How to (really) import the MaxMind GeoIP Free Country CSV file into MySQL
There's a cool set of data over at MaxMind. They do a good job of IP geolocation and they give a decent version of their data for free. They want me to tell you: "This product includes GeoLite data created by MaxMind, available from http://www.maxmind.com/."

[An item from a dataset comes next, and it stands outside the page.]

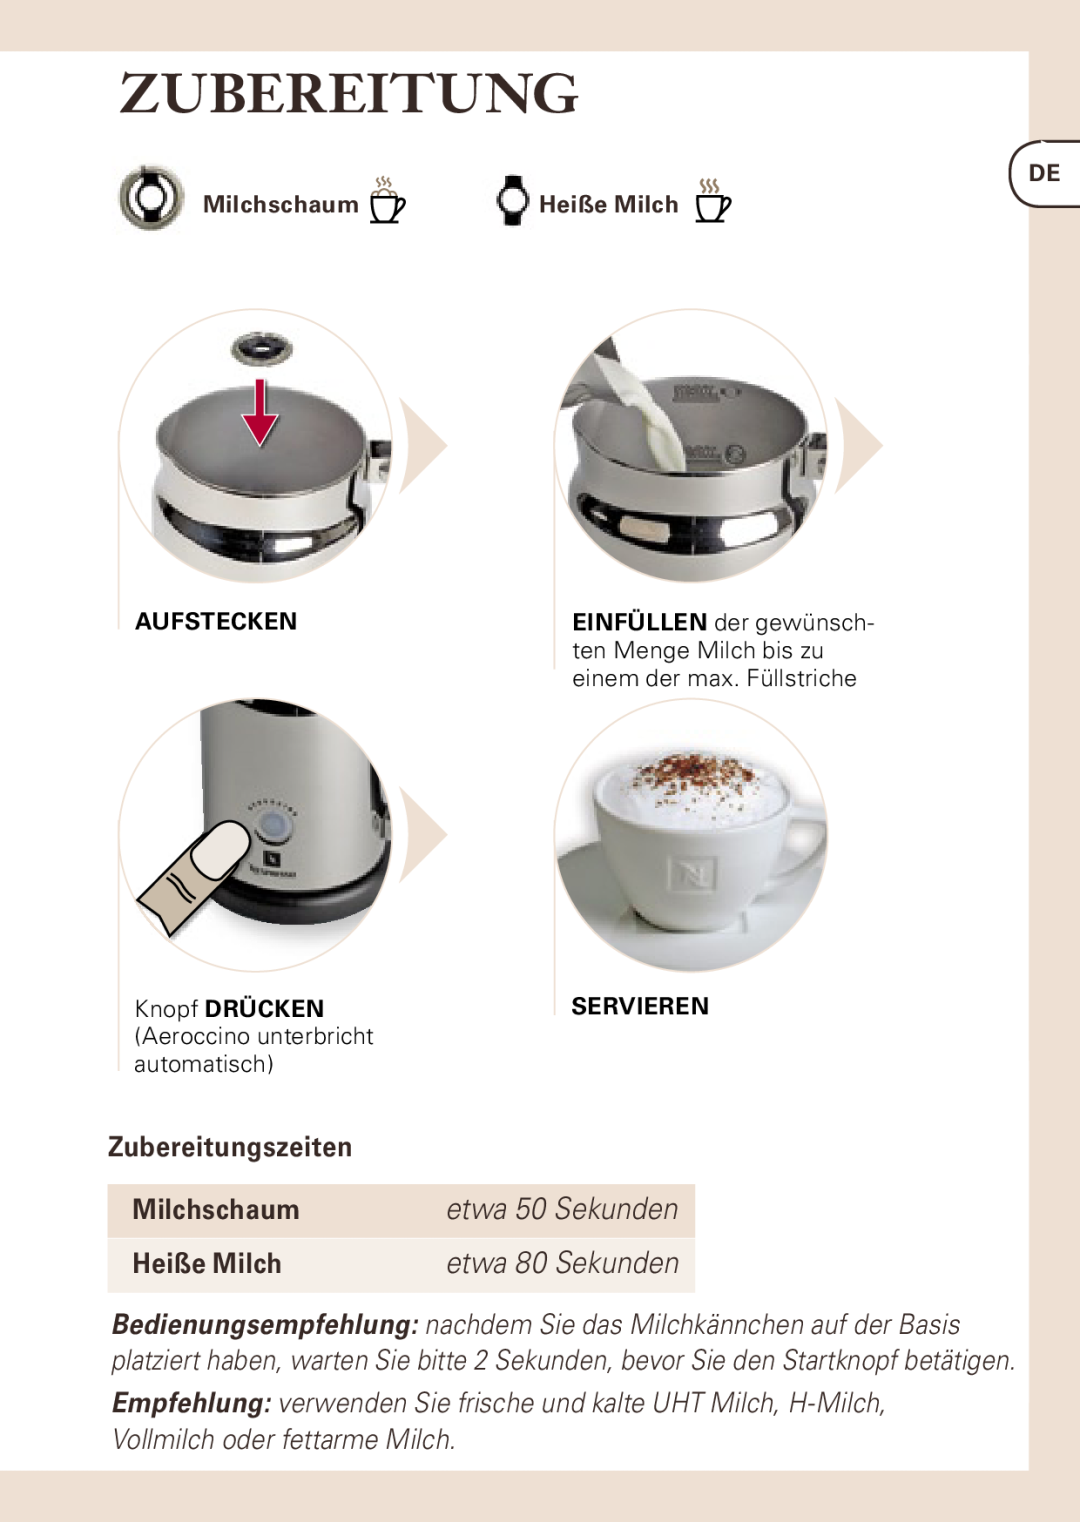 Nespresso AEROCINNO 3190 Zubereitungszeiten, Milchschaum, Heiße Milch, Servieren, etwa 50 Sekunden, etwa 80 Sekunden 
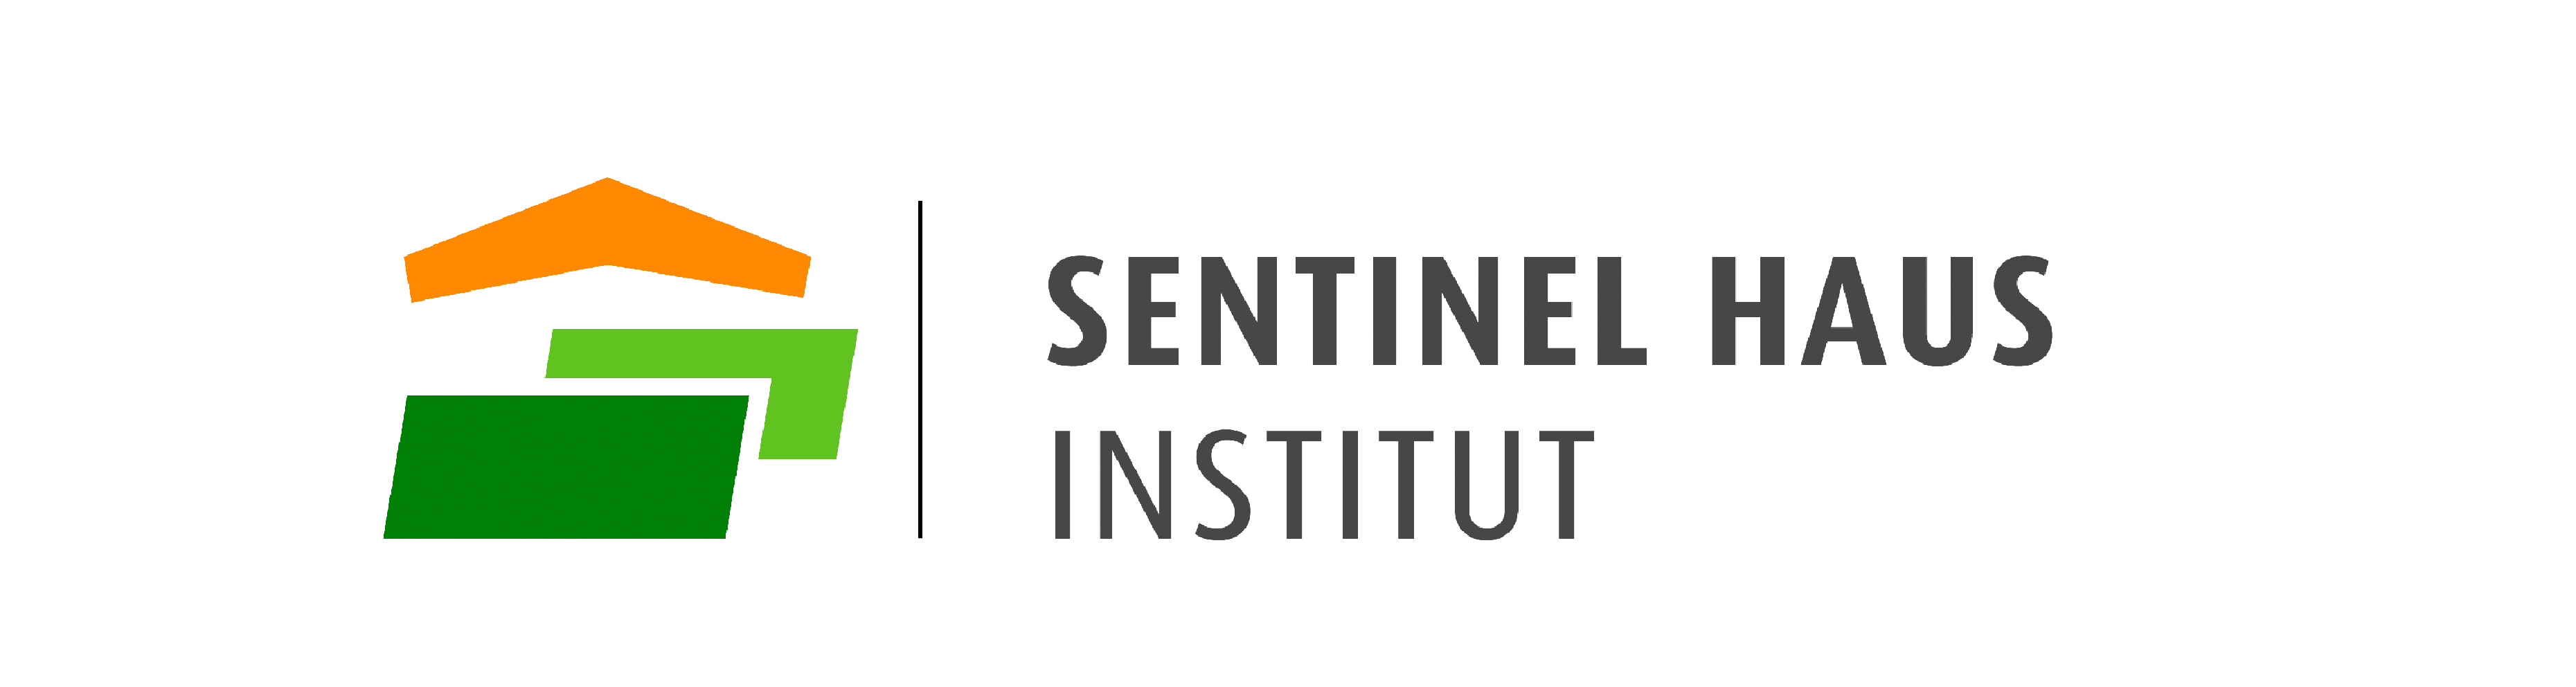 Das Logo von Sentinel Haus Institut

I use it to see where an IP address might be located when I'm looking at my web logs. I'm using Apache with mod_log_sql so my web logs are already in a MySQL db called `apachelogs`. There are loads of other ways to get your Apache log data into MySQL.
After I have the database `apachelogs` set up, I download and extract the CSV data from MaxMind (See here and use the link to 'Download the latest GeoLite City CSV Format'). Then I fire up the mysql client and create the tables to hold the GeoIP data:
USE apachelogs; -- your database name here.
DROP TABLE IF EXISTS `blocks`; CREATE TABLE `blocks` ( `startIPNum` int(10) unsigned NOT NULL, `endIPNum` int(10) unsigned NOT NULL, `locID` int(10) unsigned NOT NULL, PRIMARY KEY (`startIPNum`,`endIPNum`) ) ENGINE=MyISAM DEFAULT CHARSET=latin1 PACK_KEYS=1 DELAY_KEY_WRITE=1;
DROP TABLE IF EXISTS `location`; CREATE TABLE `location` ( `locID` int(10) unsigned NOT NULL, `country` char(2) default NULL, `region` char(2) default NULL, `city` varchar(45) default NULL, `postalCode` char(7) default NULL, `latitude` double default NULL, `longitude` double default NULL, `dmaCode` char(3) default NULL, `areaCode` char(3) default NULL, PRIMARY KEY (`locID`), KEY `Index_Country` (`country`) ) ENGINE=MyISAM DEFAULT CHARSET=latin1 ROW_FORMAT=FIXED;
Then load the data. Ubuntu 8.10 adds a 'helpful' service called apparmor that prevents rouge software from accessing your machine. This means that MySQL can't see your home dir. The easiest fix for me was to just move the GeoLiteCity files to the folder where MySQL stored the database (mv Geo* /var/lib/mysql/apachelogs/).
use apachelogs; load data infile 'GeoLiteCity-Blocks.csv' into table `blocks` fields terminated by ',' optionally enclosed by '"' lines terminated by '\n' ignore 2 lines;
load data infile 'GeoLiteCity-Location.csv' into table `location` fields terminated by ',' optionally enclosed by '"' lines terminated by '\n' ignore 2 lines;
After reading the docs, you might think it's a good idea to use "where ip between startIPNum and endIPNum"- I did and it was pretty slow. Here's a function that is much faster. Once you have this function defined, IPTOLOCID(ip_address) will return the locID (location ID in the GeoLitCity-Location table) for a given ip_address given in string format:
DELIMITER $$ DROP FUNCTION IF EXISTS `IPTOLOCID` $$ CREATE FUNCTION `IPTOLOCID`( ip VARCHAR(15)) RETURNS int(10) unsigned BEGIN DECLARE ipn INTEGER UNSIGNED; DECLARE locID_var INTEGER; IF ip LIKE '192.168.%' OR ip LIKE '10.%' THEN RETURN 0; END IF; SET ipn = INET_ATON(ip); SELECT locID INTO locID_var FROM `blocks` INNER JOIN (SELECT MAX(startIPNum) AS start FROM `blocks` WHERE startIPNum <= ipn) AS s ON (startIPNum = s.start) WHERE endIPNum >= ipn; RETURN locID_var; END $$ DELIMITER ;
Here's an example of using the whole thing to see where in the world your web visitors are coming from in the last 30 days:
SELECT from_unixtime(a.time_stamp) AS `time` , a.remote_host, l.city, l.region, l.country , a.referer, a.request_uri FROM access_log AS a LEFT OUTER JOIN `location` AS l ON l.LocID = apachelogs.IPTOLOCID(a.remote_host) AND from_unixtime(a.time_stamp) > DATE_SUB(CURDATE(),INTERVAL 30 DAY) ORDER BY a.time_stamp DESC;
In production, I have a column for LocID in access_log that is set by an INSERT trigger. This makes for very fast reads.